The word 修業 is used for something you can complete/graduate/master. This is why we use 卒業 to express a graduation from something. I think we never use 卒行 in this situation. At least I have never seen 卒行 in my life.

On the other hand, the word 修行 is used for something you can not complete.

Thus, when you say

Karate is a lifelong pursuit.

修行 does fit well because it's a lifelong one.

Unfortunately, the reason why Gichin Funakoshi used 修業 in his Nijū kun is not known well. Might be he wanted to emphasize the technical aspect of Karate you can master (instead of the mental aspect). [1]

[1] http://dspace.lib.kanazawa-u.ac.jp/dspace/bitstream/2297/11817/1/AA11546136-11-bittmann.pdf (Japanese)


I am a novice in this language, but i can say that, basically:

  • 業 means "act" or "deed"
  • 行 means "to go" or simply "go"

So, depending on the context/the way the phrase is formed, it could be used interchangeably.

Any more experienced can correct me if im wrong.


From what I can see on jisho.org:
修業{しゅうぎょう} is pursuit of knowledge; studying; learning; training; completing a course
修行{しゅぎょう} is training; practice; discipline; study.

From the definitions I would imagine that no, they are don't mean the exact same thing on their own, but perhaps in context as Erakk said, they might be able to be used interchangeably.

That being said, in the context of the precept, I would say that the former applies more closely. At least from my understanding of doctrines in English, something like this would be similar to saying that one is always a student, so to say it is a lifelong pursuit of mastery (knowledge/understanding). The latter seems to fit better for something that isn't necessarily lifelong.
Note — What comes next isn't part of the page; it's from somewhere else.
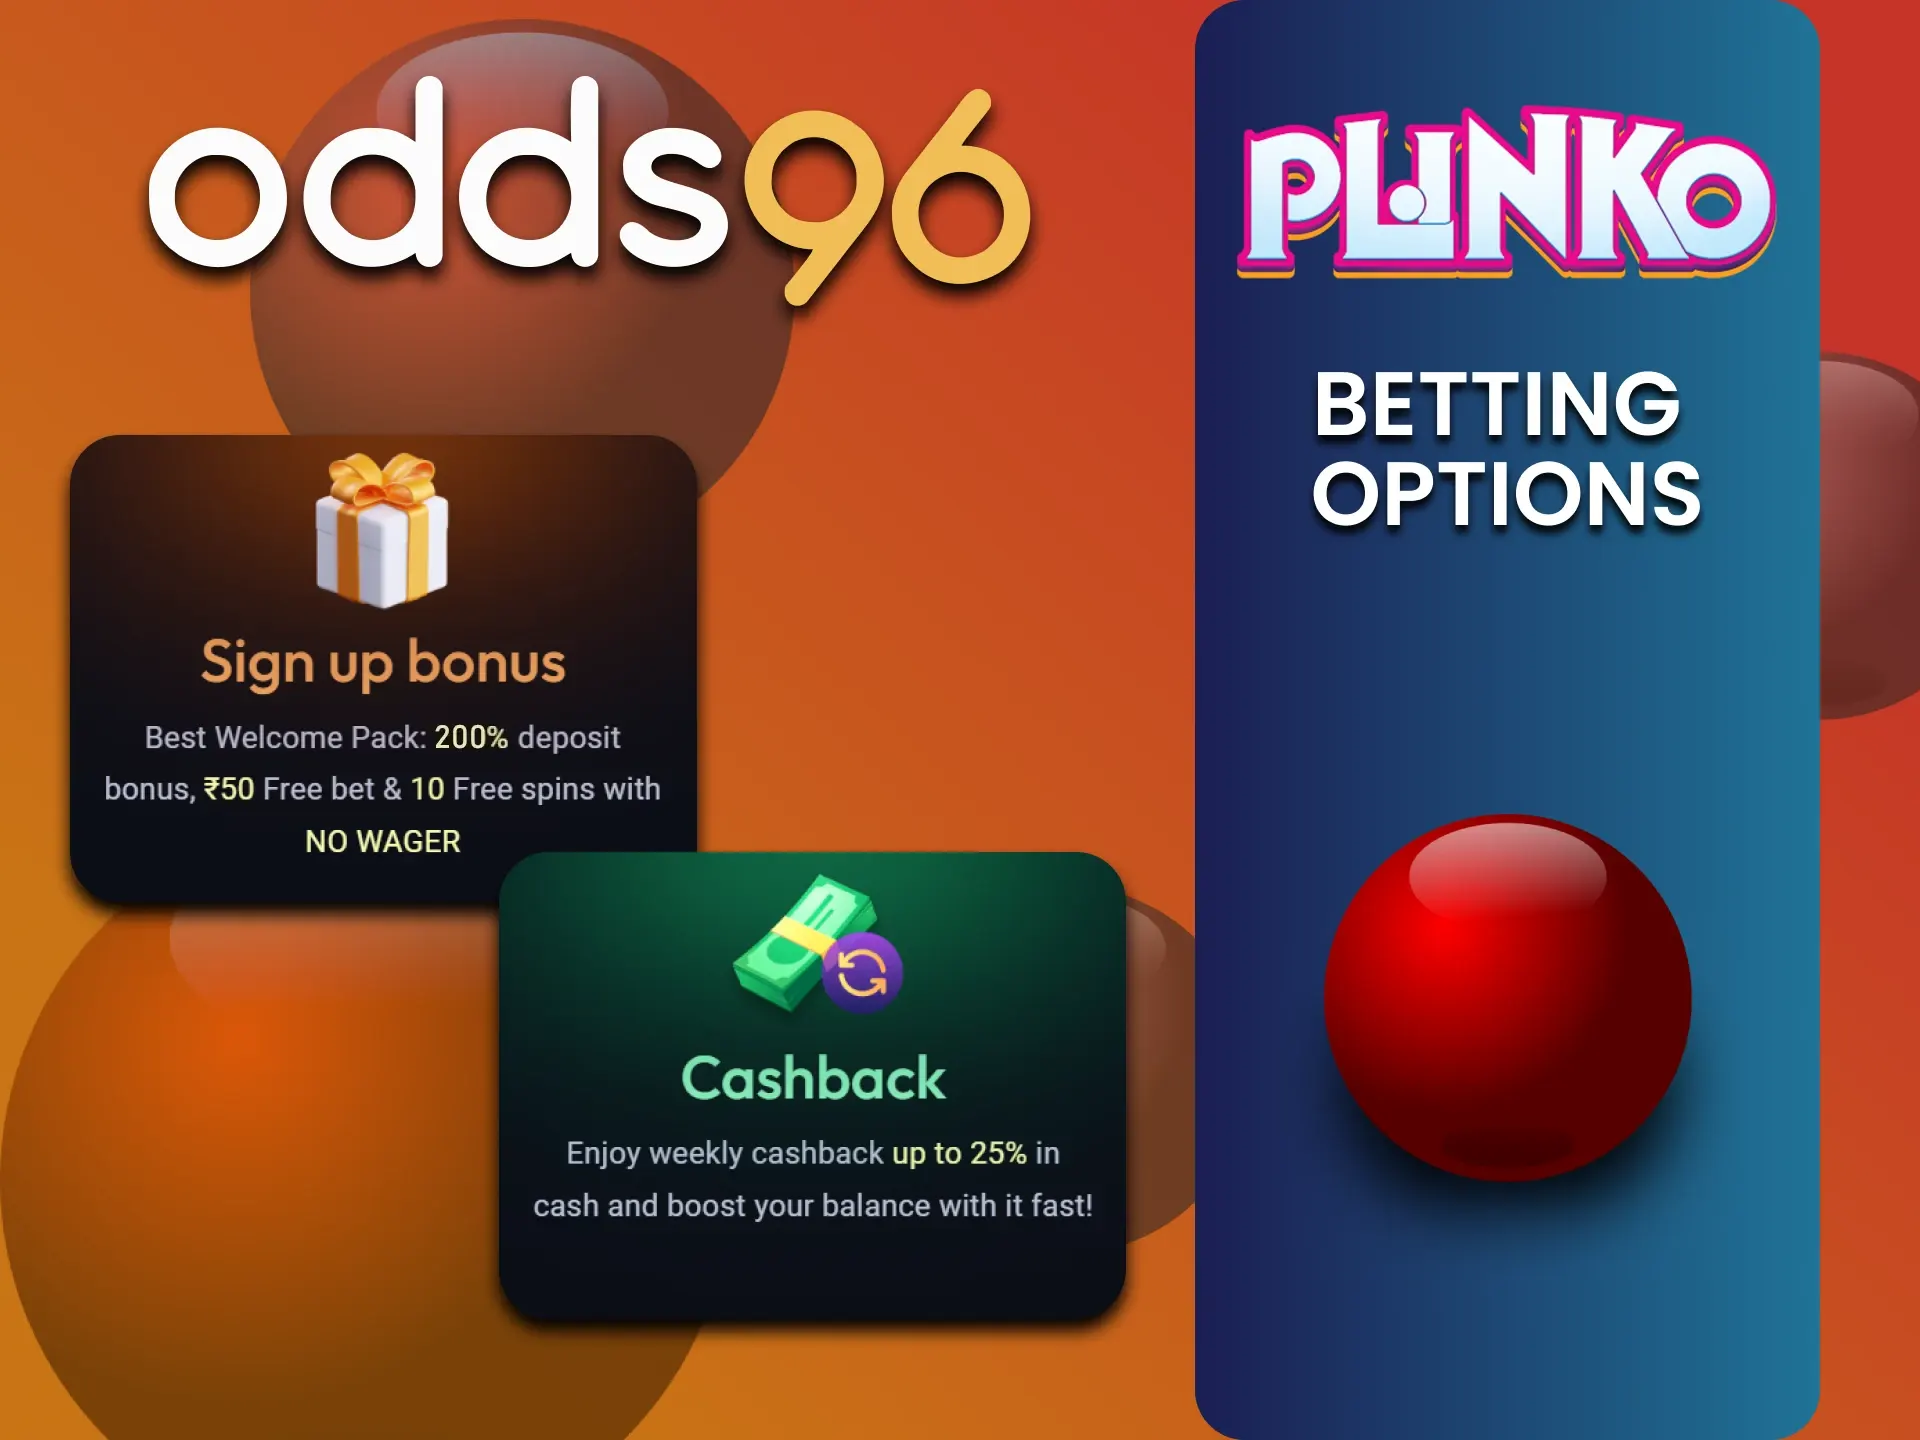 Odds96 gives bonuses for Plinko players.

In addition I would say that whichever you use would be understood, and perhaps the latter is a contemporary version.

If there's someone who disagrees with or has something to add to/revise my interpretation please make a comment, I'd like feedback.

  • 2
    Feedback: For subtle differences between two seemingly interchangeable expressions, looking at their entries in WWWJDIC (e.g. on jisho.org) is usually not enough to get a good understanding of the difference. Also, you wrote しゅうぎょう for 修業, but it can also be しゅぎょう.
    – Earthliŋ
    Commented Jul 27, 2015 at 16:48
  • @Earthliŋ On the point of using two words that are close together, that's good to know for the future. Are there any online resources that do not use WWWJDIC? Also on the point of しゅうぎょう and しゅぎょう, is there any way to indicate with furigana that there are two (slightly) different pronunciations, and if not do you have a suggestion on how to otherwise represent that there are multiple?